Items thirteen and fourteen .are for under-estimates of the engineer, and amount to the very considerable sum of $26,000 in round numbers. The auditor does not find any such under-estimates; but does find that in consequence of the manner, in which it was requisite to do the work, to prevent the quicksand running into the pit, by filling in earth and gravel upon the bed of the road, which the auditor finds was the most economical mode of making the road bed keep in form, the plaintiffs incurred expense to the amount of $3,000 more than it would cost to make the same excavation without this precaution. The plaintiffs, when informed of this order of of the engineer, by the resident engineer of the section, told him they should not consent to do the work, in that mode, without extra compensation, and the resident engineer assured them that they should receive such extra compensation. But the auditor finds he had no authority to bind the company, by any such promise, as we have already considered in a former part of this opinion. And the plaintiffs took no steps to perfect any claim for such extra allowance, according to the terms of the written contract, and the engineer when the claim was presented, decided against it. This seems to bring the claim within the rules laid down by us in regard to some of the former items of this account.

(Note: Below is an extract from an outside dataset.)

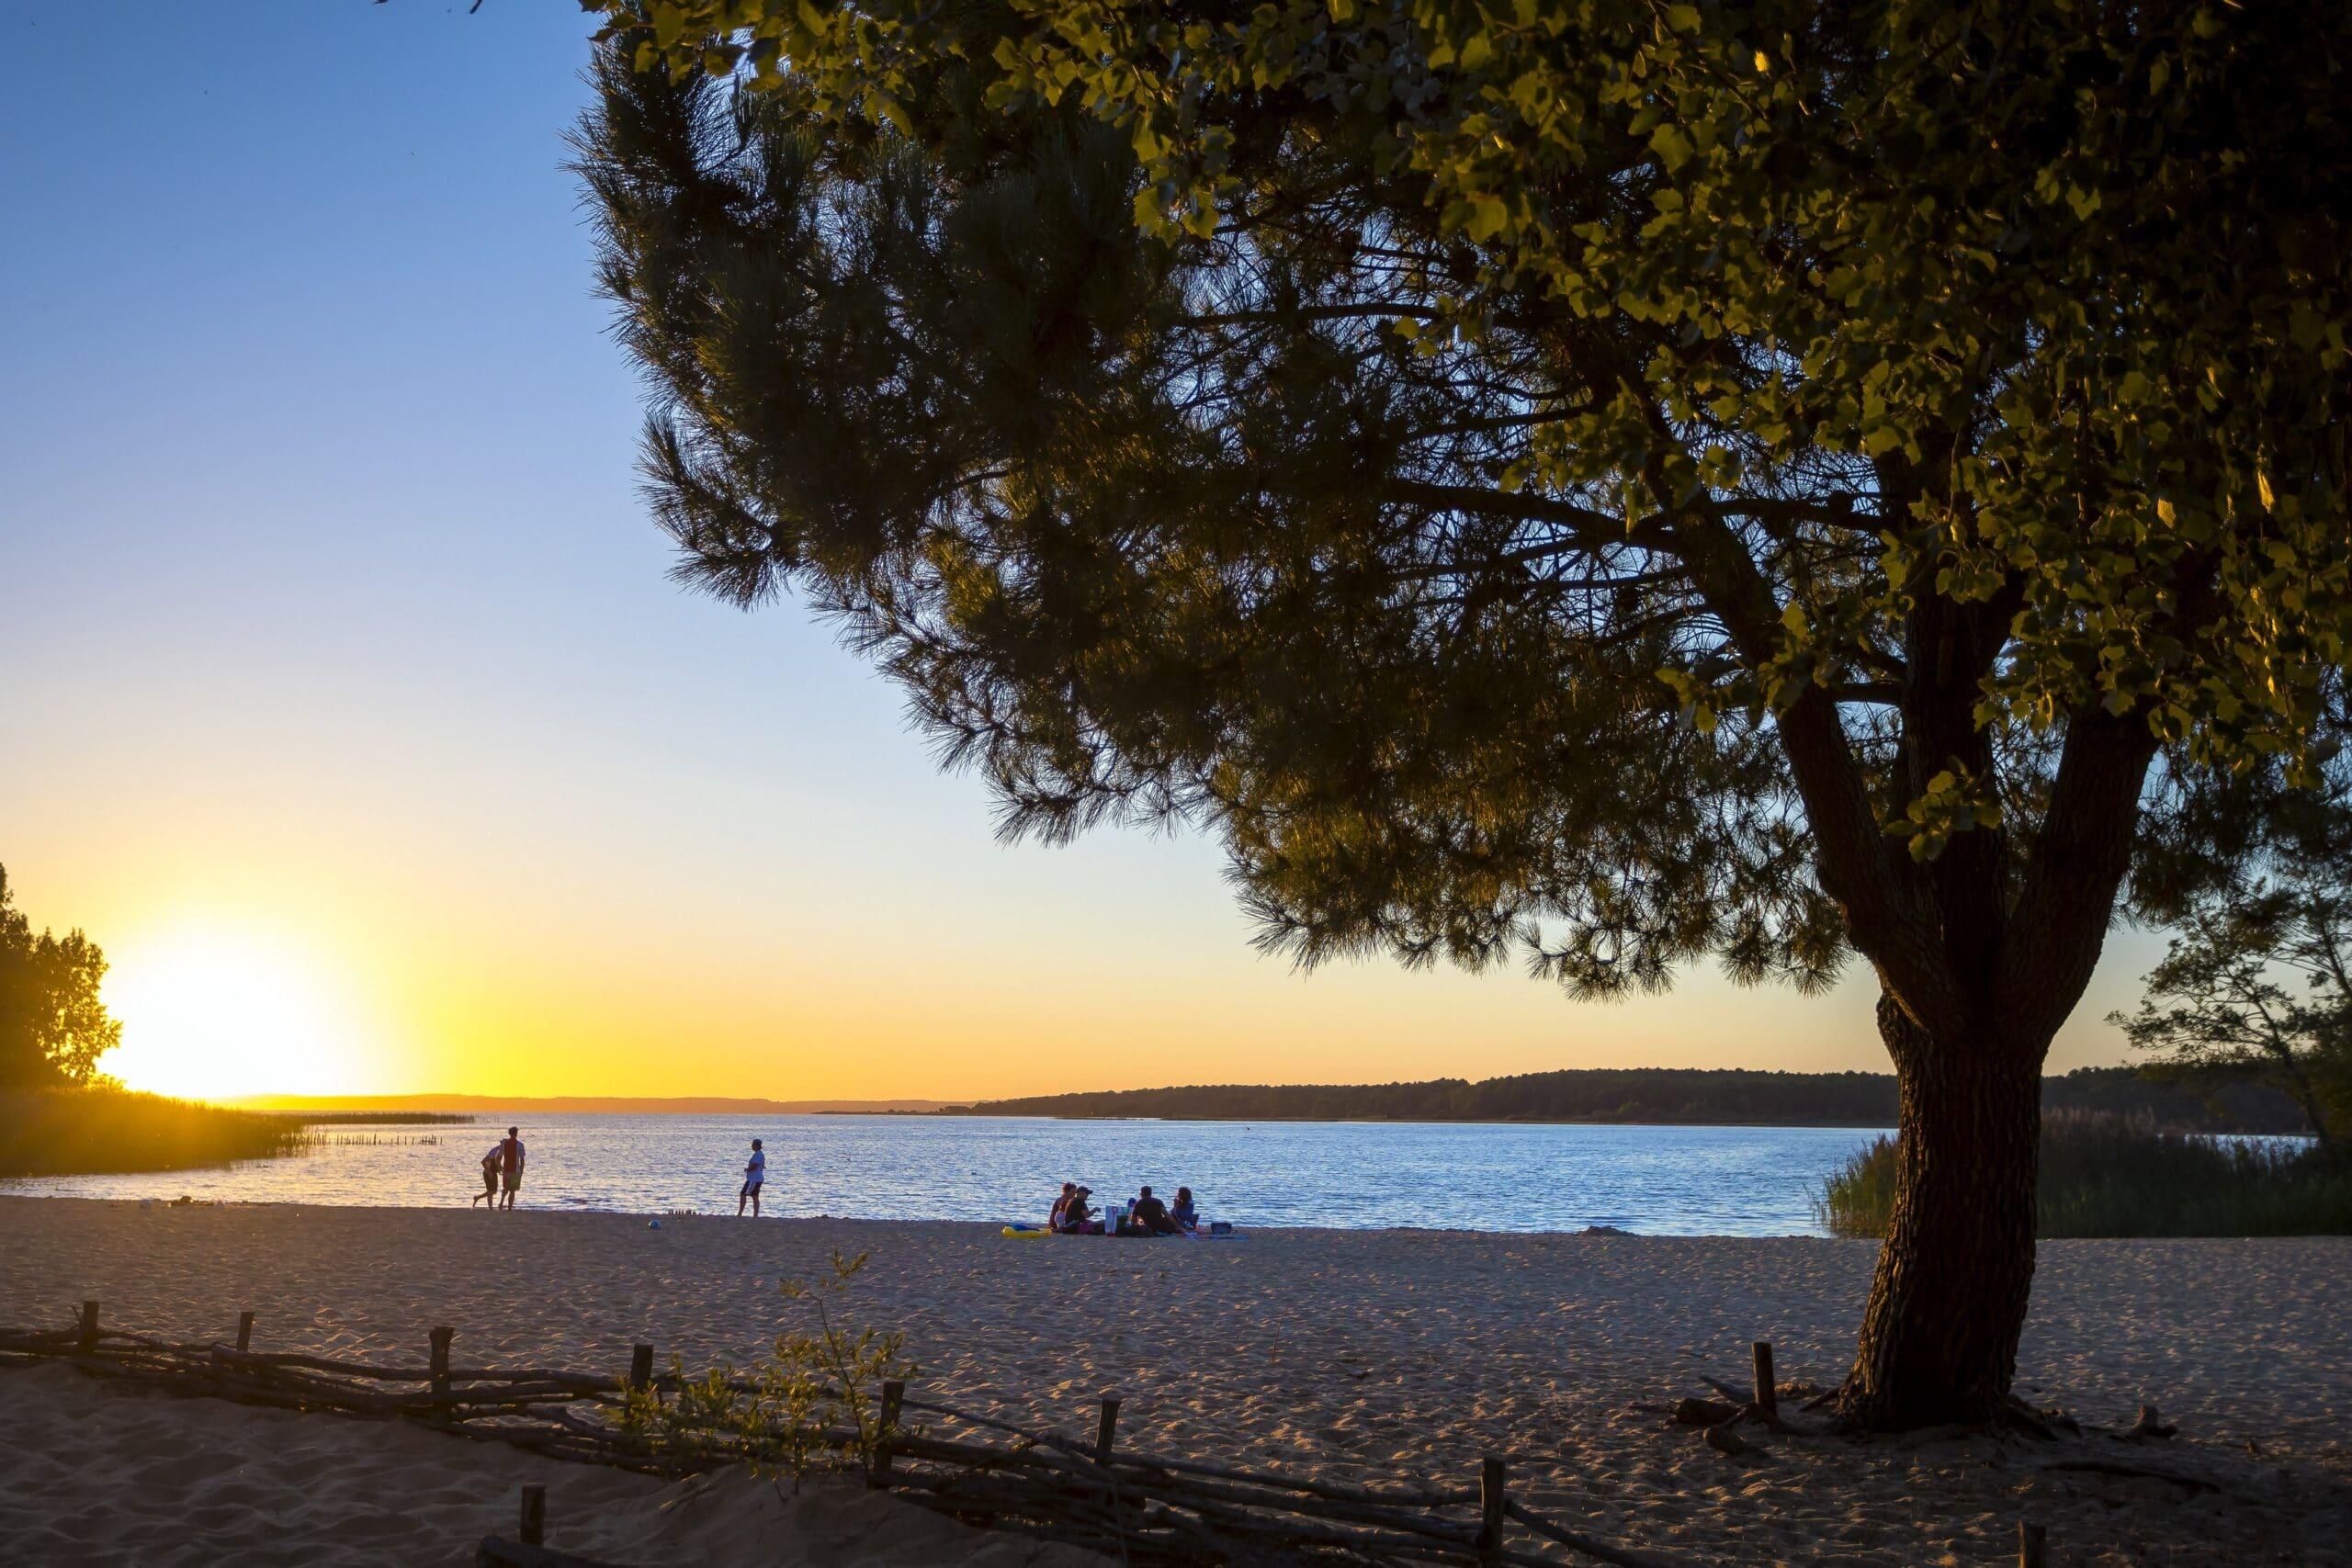 Fantastische zonsondergang op het strand van het meer van Sanguinet

The case of Thayer v. this defendant, 24 Vt. 440, is precisely *140in point as to this last item. The assistant engineer there told the plaintiff “ He should have his pay for it; the company would pay him for the sameand so is the decision in Herrick’s case. This disposes of all the questions arising in the case. Judgment reversed and judgment for the smallest sum reported by the auditor except for the item of bridge abutments, for which the plaintiffs are entitled to the largest sum reported.

No copy of the exceptions in the county court was furnised, and I cannot see that any question in regard to the taxation of costs was reserved. Upon the brief of one of the counsel allusion is made to such a question, but it could not be revised here, unless it appears, by the exceptions in the county court, to have been passed upon by that court and ordered to come here for revision.